The limitations of our study are primarily attributed to our utilization of a small and imbalanced dataset, a common challenge encountered in the realm of biological research. Specifically, our set of known pathogenic expansions was limited to a total of 62 TRs. Moreover, we were compelled to rely on certain assumptions pertaining to our benign TRs datasets. These assumptions were based on the premise that frequently occurring large TRs are likely benign and that rare expansions observed in individuals diagnosed with Mendelian disorders can also be considered benign. Furthermore, since these TRs were selected from short-read sequencing data, which may not accurately genotype large repeats, a TR was considered large or expanded if its length exceeded the read length (> 175 bp). To mitigate the impact of these limitations, our research methodology incorporated several measures. We employed a leave-one-out cross validation approach and used a diverse array of performance metrics to comprehensively evaluate the model’s effectiveness. Importantly, we opted against downsampling our already limited dataset or artificially augmenting it by generating synthetic datapoints. This decision was made to preserve the integrity of this foundational study and prevent the introduction of artificial elements.

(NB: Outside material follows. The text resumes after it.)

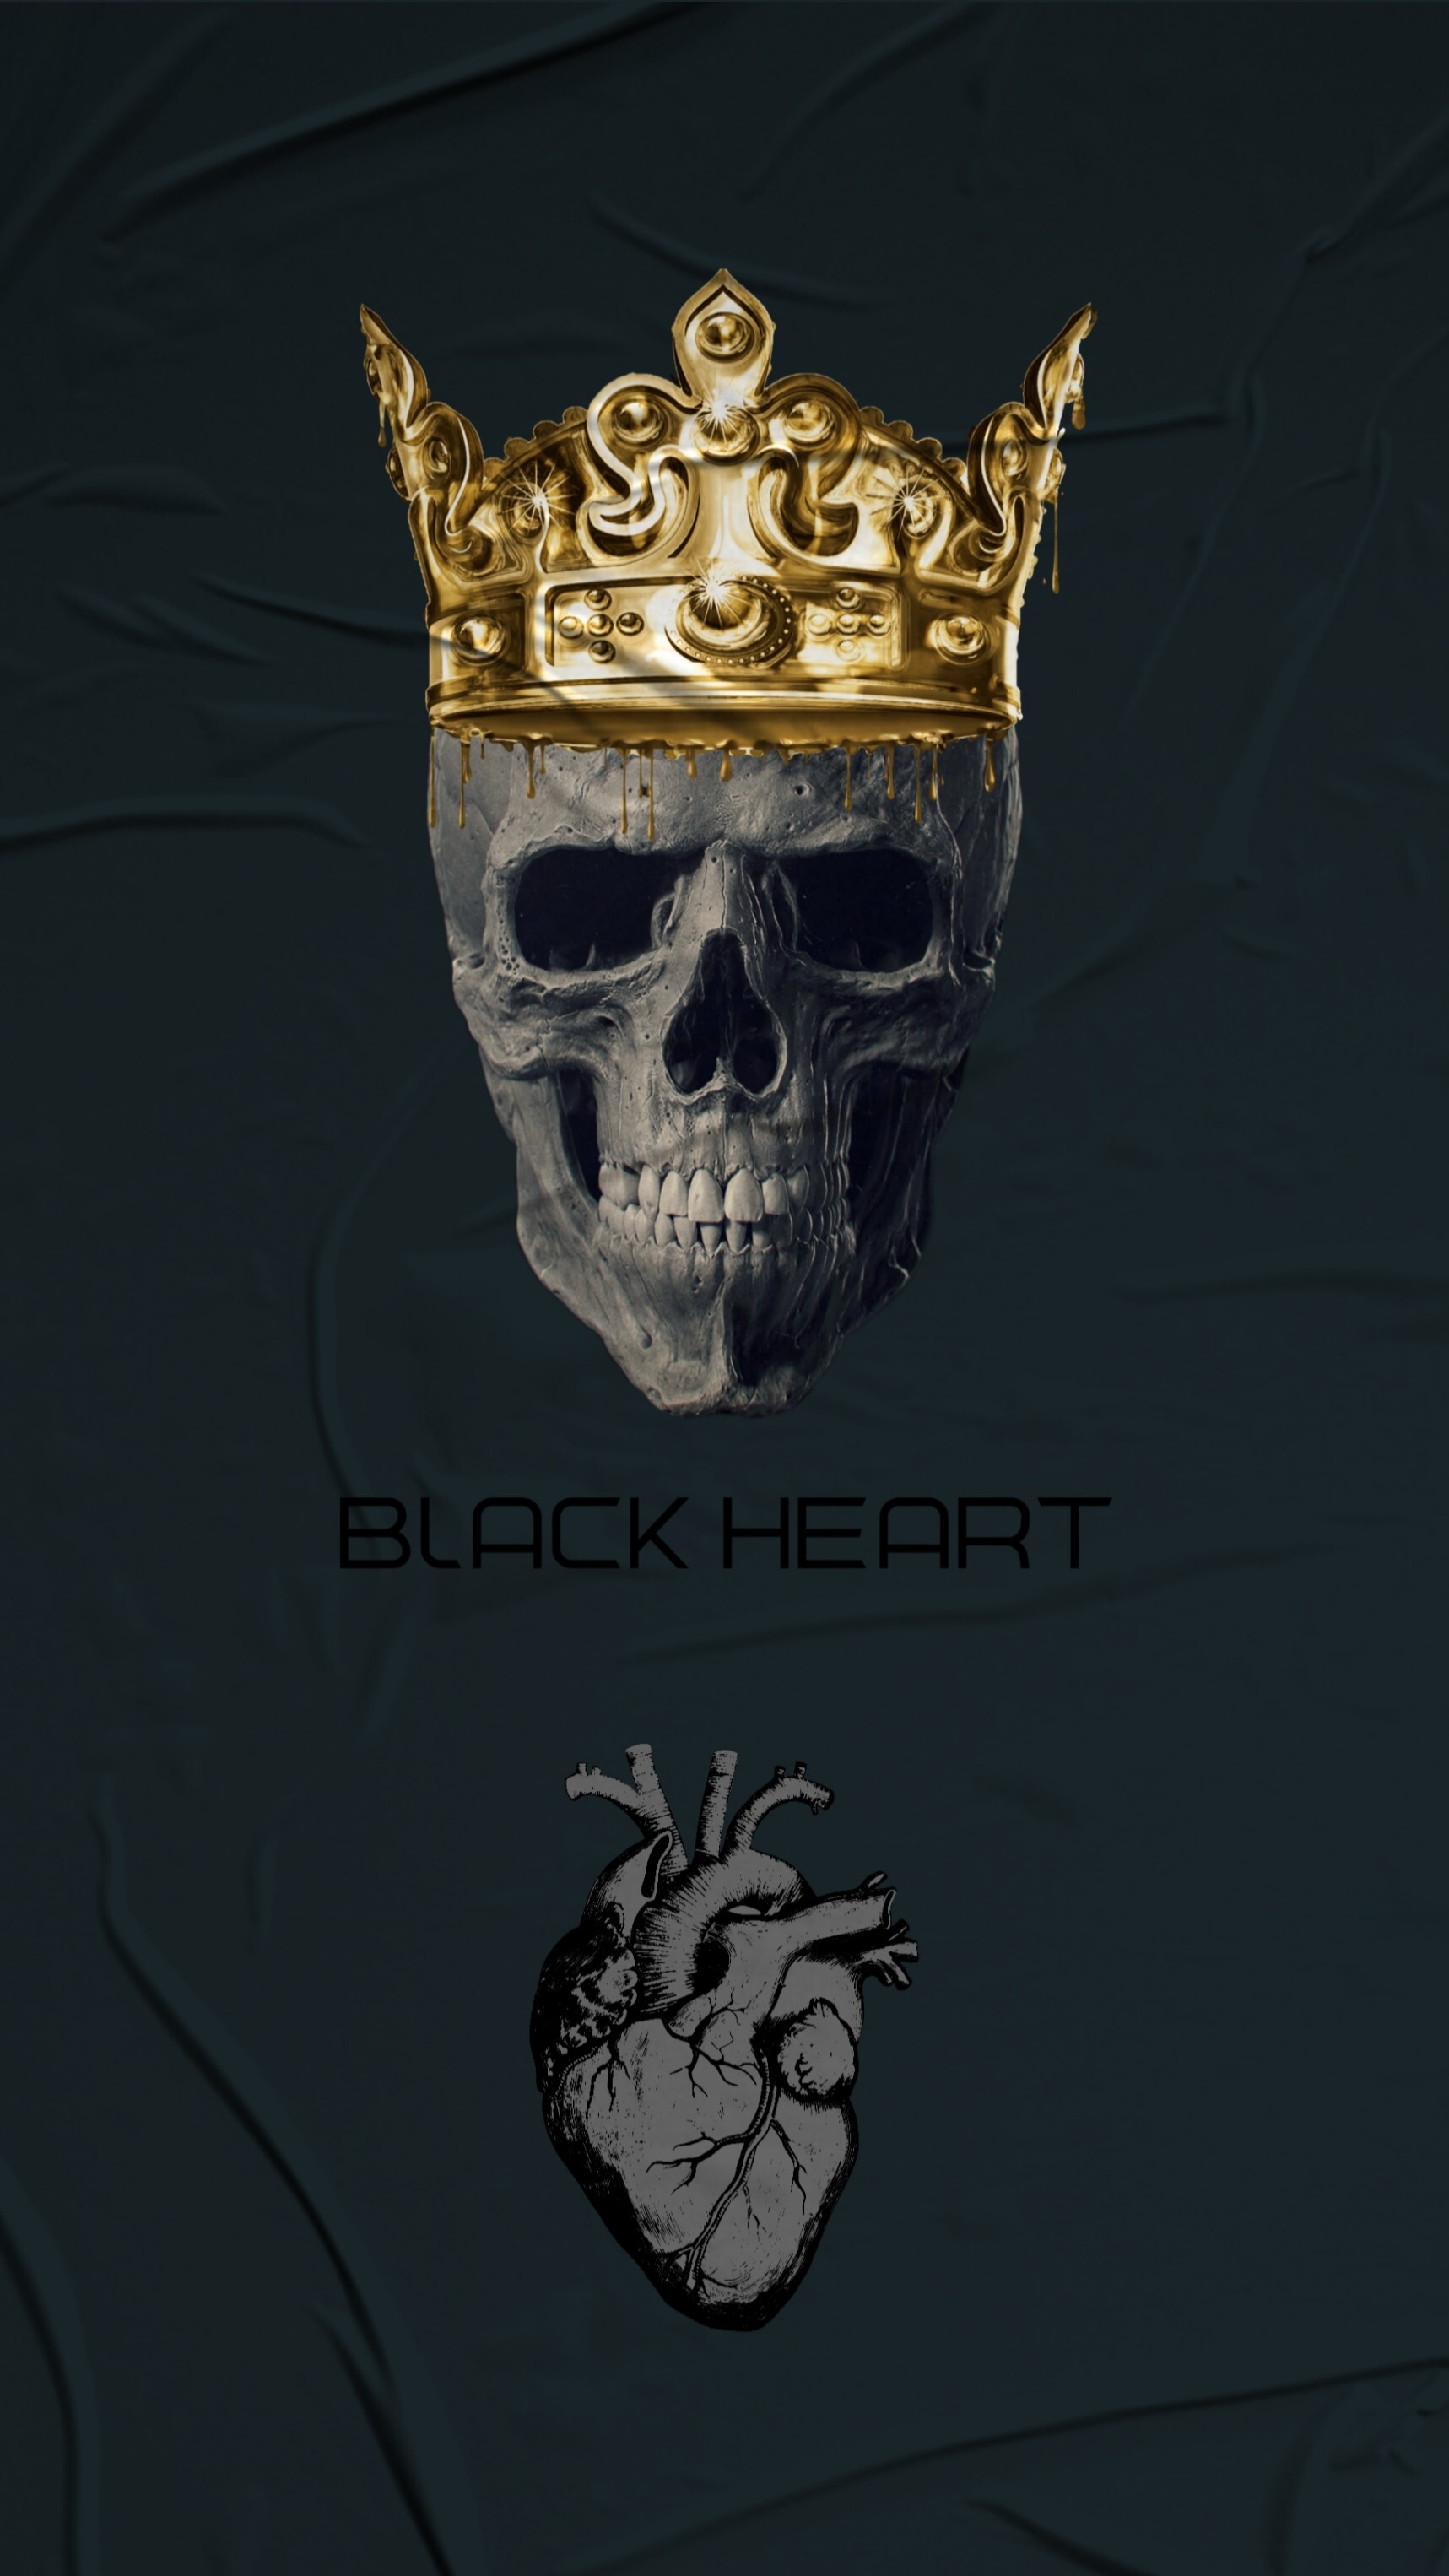 ArtStation - BLACK HEART - SKULL wallpaper
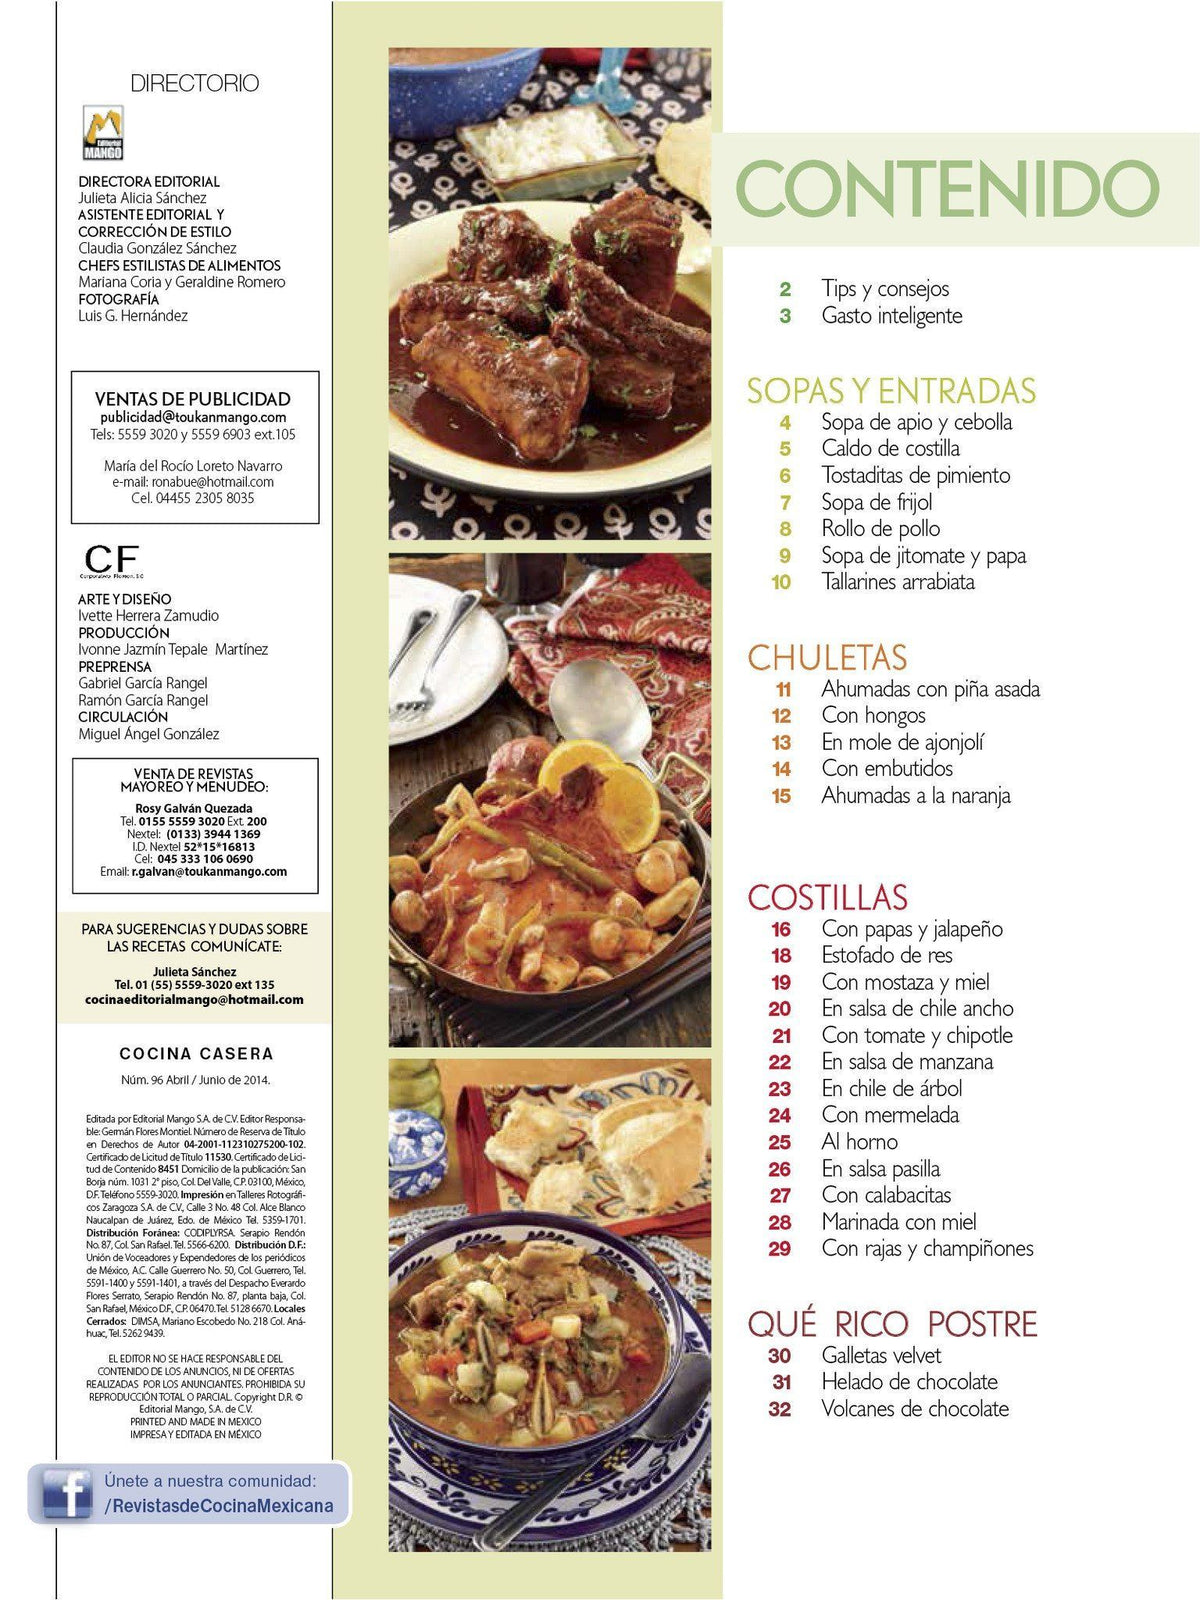 Cocina Casera 96 - Chuletas y costillas paso a paso - Formato Digital - ToukanMango

RExPRT has established the possibility of using machine learning to classify repeat expansion variation. Our work lays the groundwork for similar tools that can be built in the future, mitigating some of its limitations.

Materials and methods

Identification of significant data features

To select features that may be relevant for classifying TR loci as pathogenic or benign, we downloaded 30 different annotation datasets from a variety of sources including UCSC’s Table Browser, PsychENCODE, and relevant publications (Additional file 1: Table S1). We converted all dataset files into BED format. First, we created a list of 40 known pathogenic TRs which are listed as represented in the training dataset in Table 1. These TRs were included in initial analyses because they are well established in their causal link to disease [24,25,26]. Next, we obtained a dataset of all TRs cataloged in the reference genome from UCSC’s Table Browser (Simple Repeats table in hg19). Finally, we used this reference TR dataset to create a set of “matched TRs,” which included all TRs that have a disease motif and occur in the same genic region. For example, all TRs with a CAG motif that occur in exons would be part of the matched TR dataset.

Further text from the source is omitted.